Version 4.1.8/9 (16-Oct-2017)

  • CHANGED: Changed https URL for online NCBI BLAST queries.
  • CHANGED: Fixed assembling/mapping recommendations for some downloaded cgMLST schemes.

Version 4.1.7 (04-Oct-2017)

  • CHANGED: Fixed issue with calculation of expected backup temporary size.

Version 4.1.6 (08-Sep-2017)

  • CHANGED: Fixed issue with initial setting of memory usage in client.

Version 4.1.5 (04-Sep-2017)

  • CHANGED: Fixed SPAdes problem whith blanks in FASTQ filenames (e.g., when downloaded from SRA).

Version 4.1.3/4 (30-Aug-2017)

  • CHANGED: Fixed problem when opening samples to workspace.
  • CHANGED: Sample QC Statistics: Analysis per target is disabled by default (time consuming).

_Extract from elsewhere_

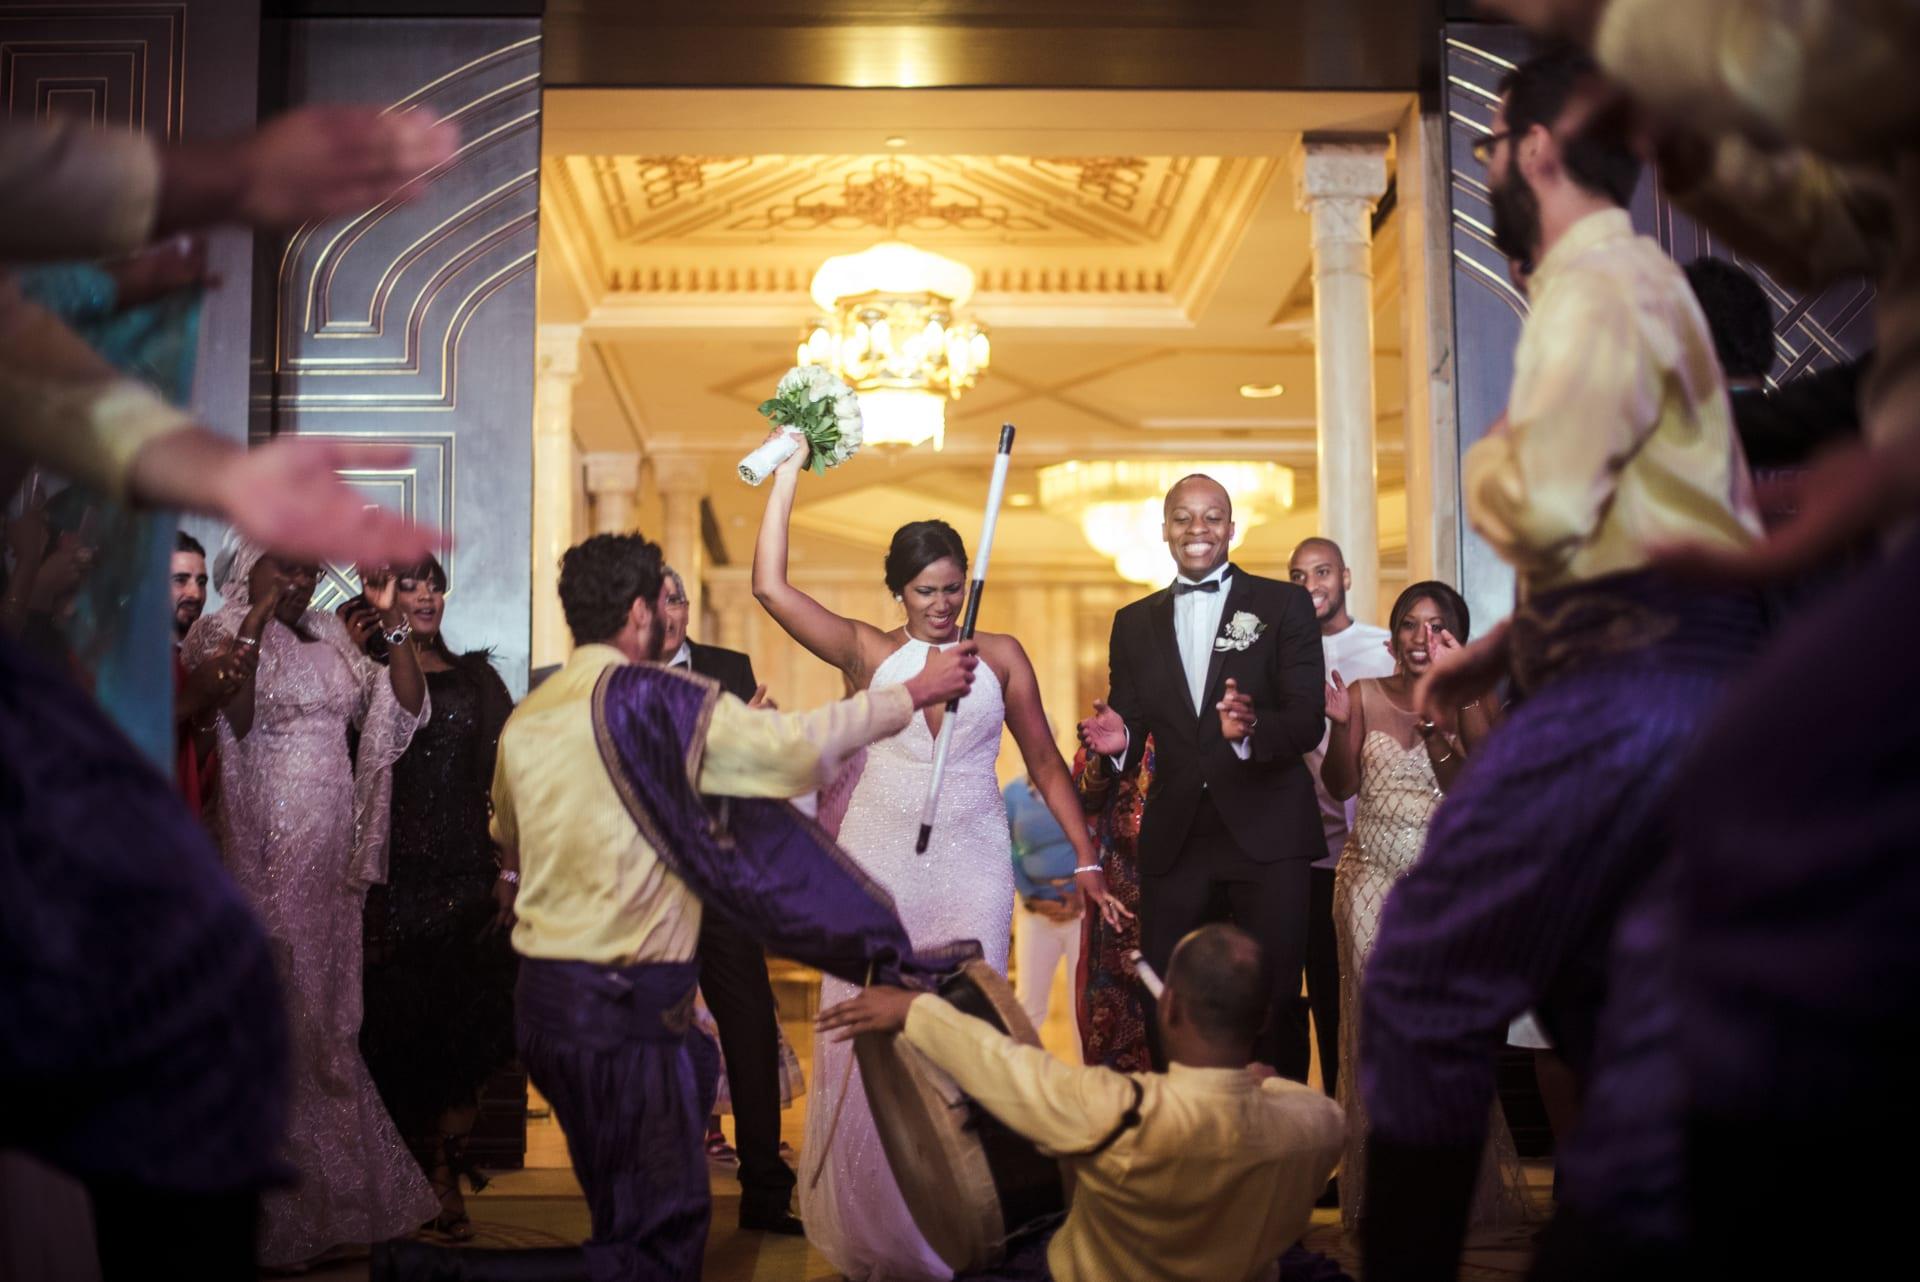 عندما يتغلب الحب على كل شيء..  إليك روائع الأعراس متعددة الثقافات

Version 4.1.2 (25-Aug-2017)

  • CHANGED: Fixed check for backup warning if last backup is too old.
  • CHANGED: Handle reads without sequence data in FASTQ files.
  • CHANGED: Added additional size checks (e.g., workspace, comparison table and xls export).

Version 4.1.1 (17-Aug-2017)

  • CHANGED: Fixed allele submission issue for some local allele task templates.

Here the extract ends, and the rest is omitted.